Deadly Listeria outbreak

So far at least 11 people in seven states have been sickened with Listeria monocytogenes, which can cause severe and fatal infections in young children, the elderly, and pregnant women.

One person has died, and ten people have been hospitalized. In addition, one person got sick during her pregnancy and had a preterm labor, the CDC said. Illness onsets range from August 2018 to August 2023.

Three people each in Florida and California have been sickened in the outbreak, with single cases reported in Colorado, Kansas, Michigan, Illinois, and Ohio. "The true number of sick people in this outbreak is likely higher than the number reported, and the outbreak may not be limited to the states with known illnesses," the CDC said.

Late last week the Food and Drug Administration (FDA) announced that HMC Farms is voluntarily recalling peaches, plums and nectarines sold in stores between May 1 and November 15, 2022, and between May 1 and November 15, 2023.
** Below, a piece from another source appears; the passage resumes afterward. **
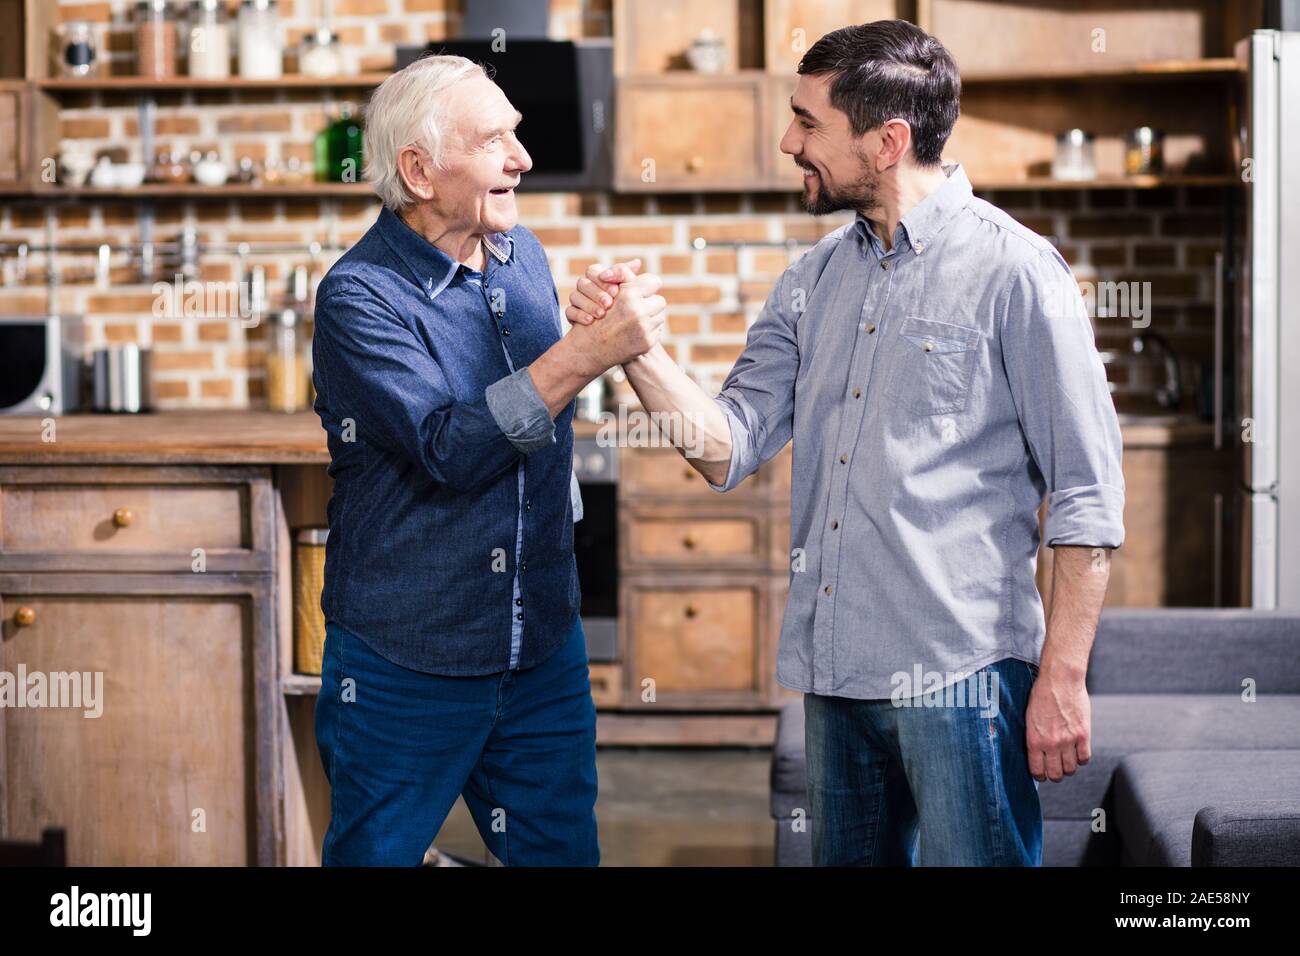 Positive aged father resting with his son Stock Photo

Although the recalled fruit is no longer available in retail stores, consumers may have frozen the recalled fruit at home for later use.
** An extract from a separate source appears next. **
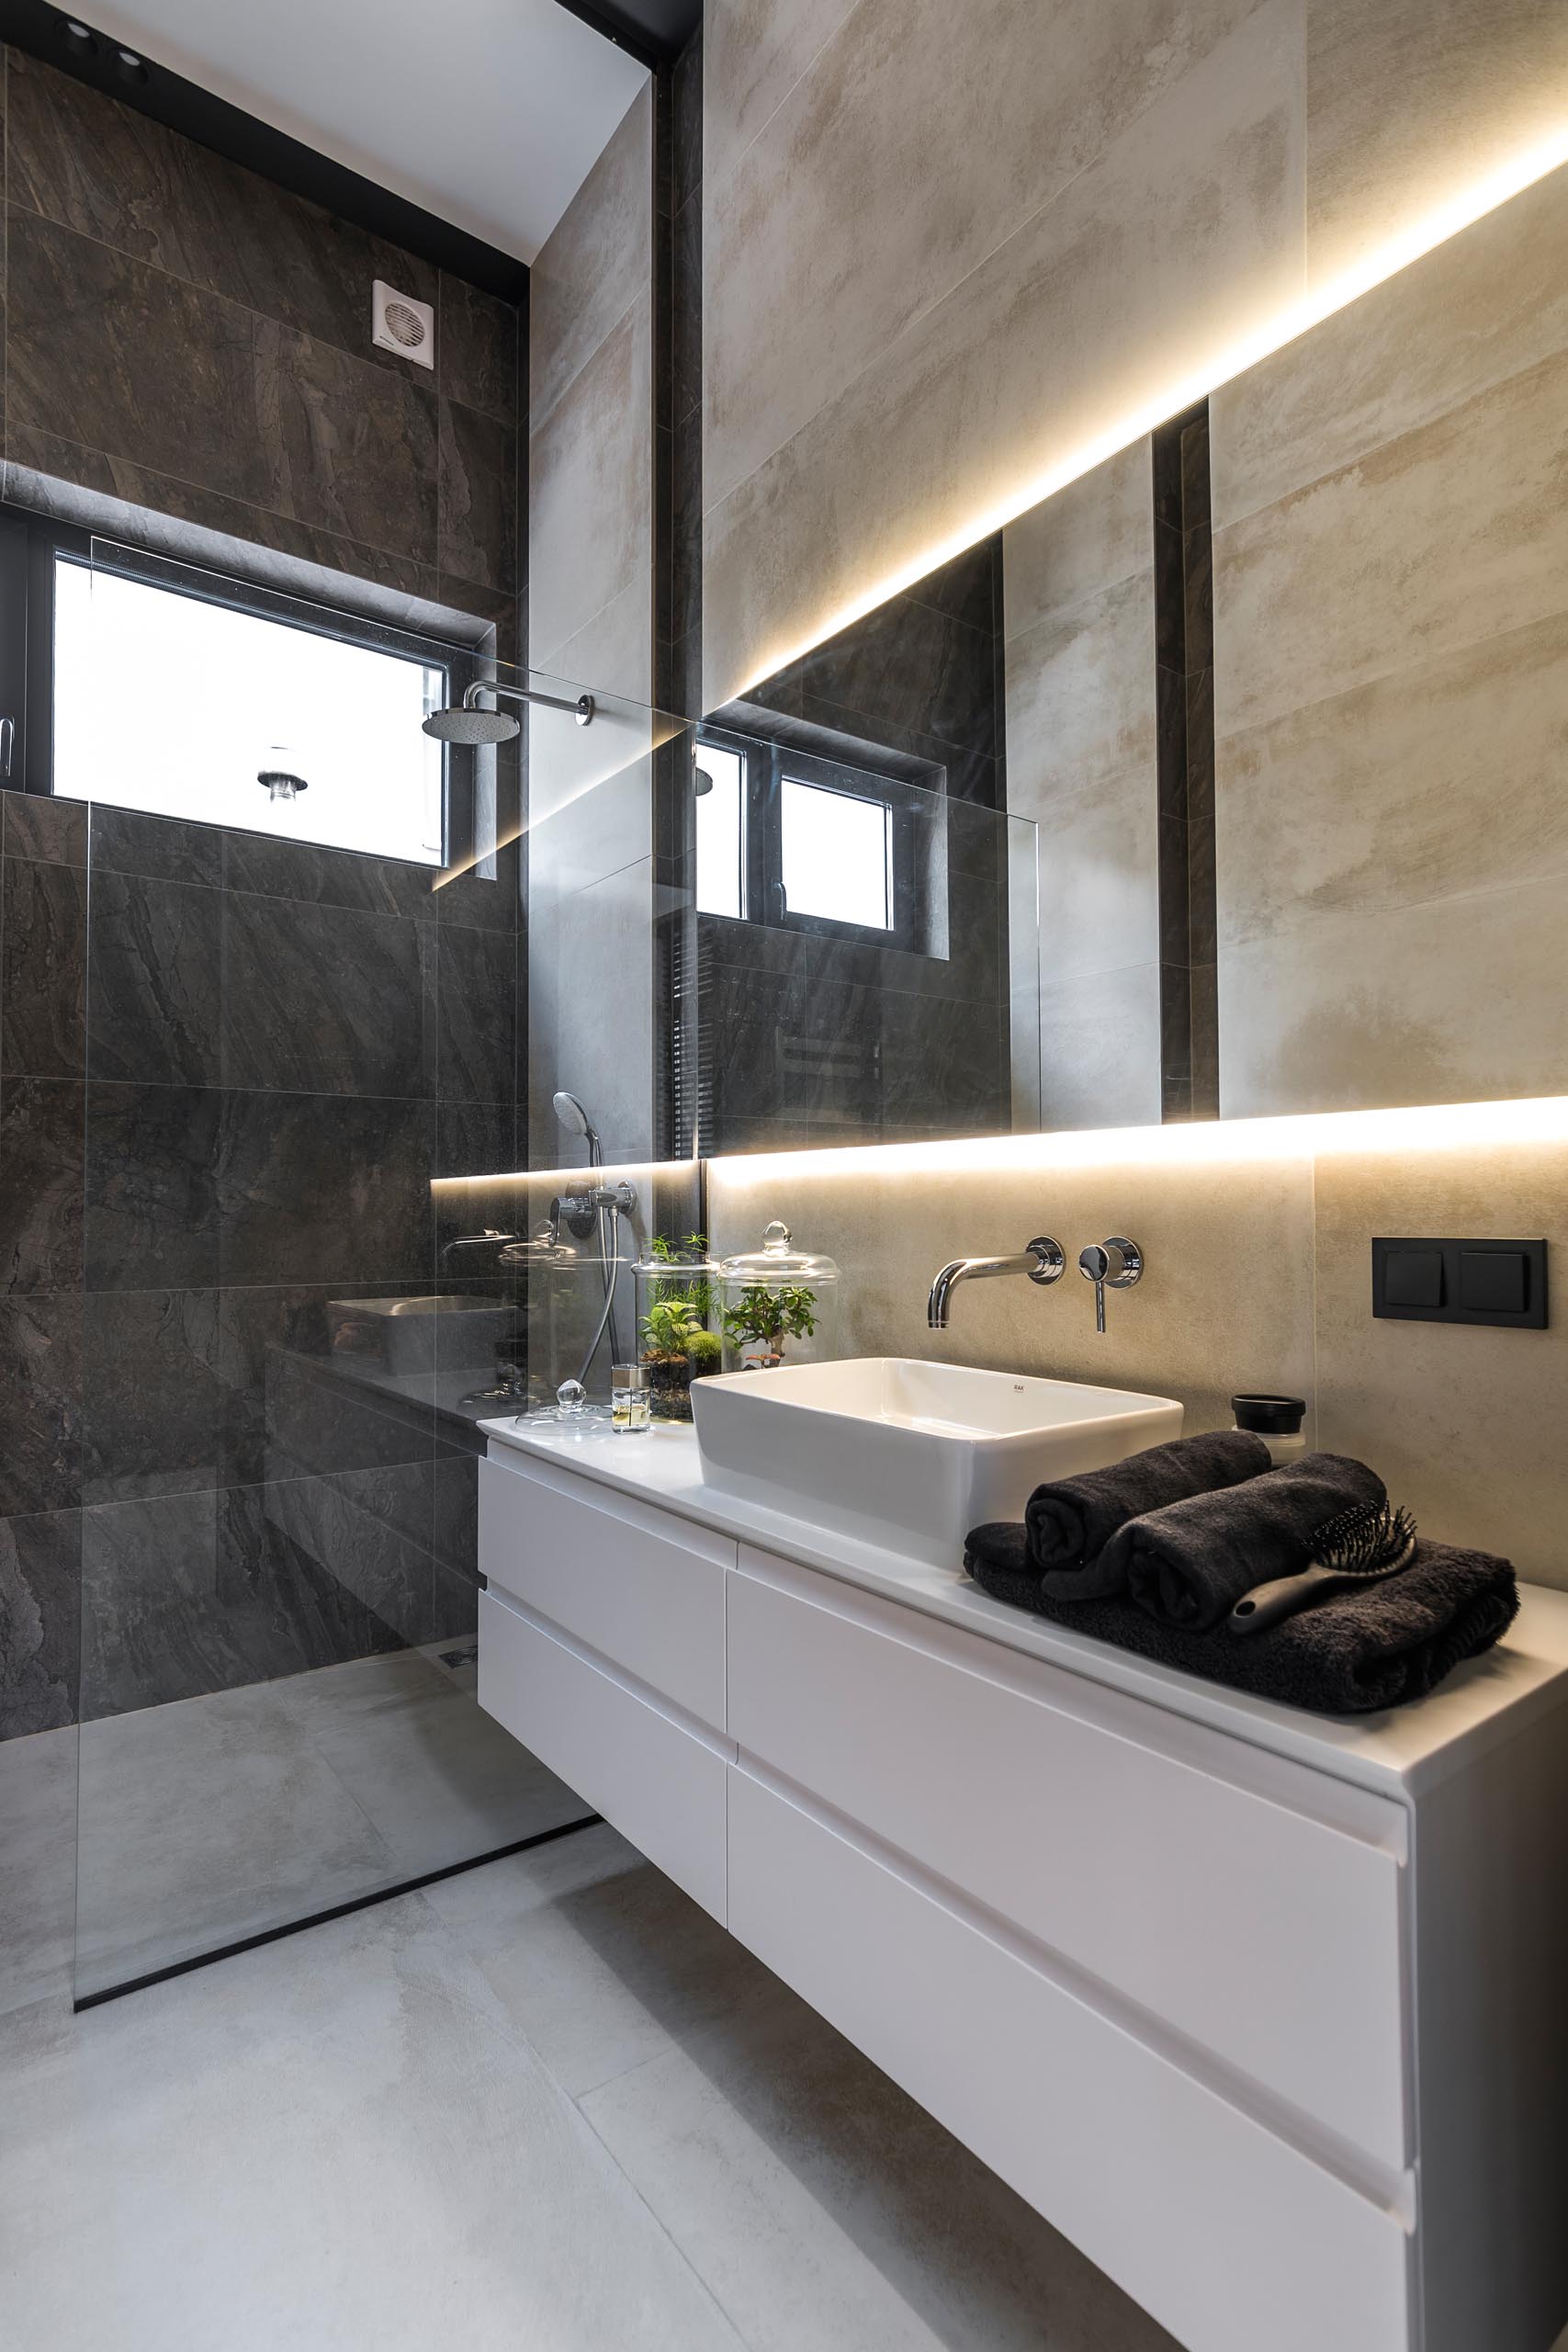 A modern bathroom with a white vanity and a backlit mirror.

"Although the recalled fruit is no longer available in retail stores, consumers may have frozen the recalled fruit at home for later use. Consumers are urged to check their freezers for the recalled fruit, not consume it, and discard it," the FDA said in a notice.

Salmonella outbreak tied to melons

In the 43-case Salmonella outbreak, recalled fruit has been identified as Trufresh whole cantaloupes with a sticker stating "Malichita," "4050," and "Product of Mexico/produit du Mexique;" Vineyard brand pre-cut fruit sold in Oklahoma stores from October 30 to November 10, 2023; and whole cantaloupes, cantaloupe chunks in clamshell packaging, and pineapple spears in clamshell packaging sold in Aldi stores in Illinois, Indiana, Iowa, Kentucky, Michigan, and Wisconsin from October 27 to October 31, 2023.
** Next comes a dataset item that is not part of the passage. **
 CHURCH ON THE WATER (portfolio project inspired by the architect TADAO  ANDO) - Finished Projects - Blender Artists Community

So far no one has died in the outbreak, but 17 people have been hospitalized from complications.

Arizona has the most cases so far, with 7, followed by Missouri and Minnesota with 5 cases. Nebraska, Wisconsin, and Illinois each have 4 cases, and Kentucky and Texas each have 3 cases.

In epidemiologic interviews, 15 of 29 people reported eating cantaloupe in the 2 weeks prior to illness onset.

The median age of those sickened in the outbreak is 62 years, and illnesses started on dates ranging from October 17, 2023, to November 6, 2023.

As with the Listeria outbreak, the CDC said the Salmonella outbreak is likely much larger than reported.